The Grass Is Greener

7 Oct

[Also on Destructoid]

I’m not sure what you would call it, but it probably falls under the category of a design philosophy:  The grass is greener philosophy.  This isn’t some kind of official name, in fact it has no standardized name that I know of, but this one will do for now.  It’s a philosophy that sells MMOs and makes some other games more engaging – so what is it?

As the name suggests, it’s the power of envy – but it’s also something more; it’s the power of envy come full circle.  Let’s use World of Warcraft as an example.  You’re playing, say, a dwarf hunter, and you’ve gotten him to the level cap.  You’ve started to get him good gear and you’ve joined a guild.  But you’ve also been fighting against and alongside other players for, at the moment, about seventy levels.  All that time you’ve been wondering: what would it be like to be a healer?  And if I was a healer, would I be a paladin, a priest, a shaman, or a druid?  So one day you start a troll priest.  You start to level him, and then you think to yourself “What am I doing?”

Well, you’re falling for the loop that’s been designed into the game.  You’re curious – maybe you always see priests getting invited to groups, or beating other players.  What you don’t realize is that, while they may be different to play, you’re going to be in the old folk’s home before you bring that character up to a level of quality that will equal that of your existing hunter.  A moment ago it seemed like the right thing to do, but you quickly realize that it’s not plausible.  What will take you longer to realize is that it will never be plausible, unless you give up your main character.  Many WoW players have several alternate characters on the go, with aspirations of greatness for all of them.  It’s like supporting children — you can only handle so many before they begin to wear you out.

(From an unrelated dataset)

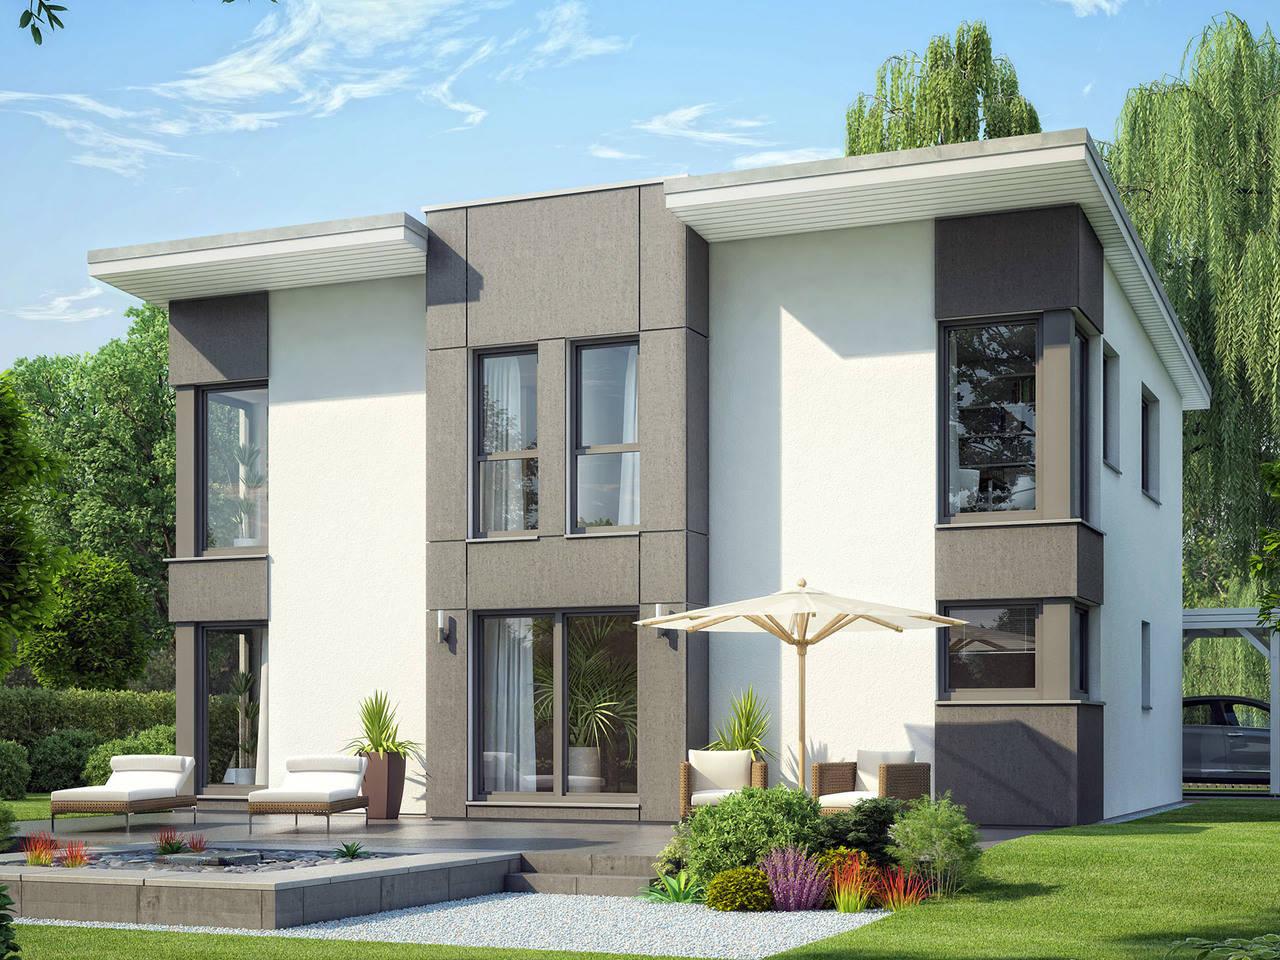 Evolution 148 V9 – Einfamilienhaus Variante A

And while it’s a key part of the MMO treadmill design (well, Blizzard’s anyway) that doesn’t mean it isn’t present in other games; it’s just not as prominent because of the huge difference in time invested.  IN any shooter you’re going to have gun envy – you’ve been getting sniped for an hour, so it must be better to live life as a sniper.  It’s probably not, but you feel like you’ve got choices; you’re not doing so well and you can make an informed decision about how to fix that.

Calling this a design philosophy might be a misnomer.  Developers aren’t keen on spreading their design practices around for fear of losing their edge, but for all we know it could have been created by accident.  That is, it’s something that happens naturally when we’re given options and see our neighbors doing well – we feel that aping them is a safe way of improving our situation.  Accident or not, Blizzard has sure leveraged our envy.  Now if you’ll excuse me, I have a level 52 orc warlock to level.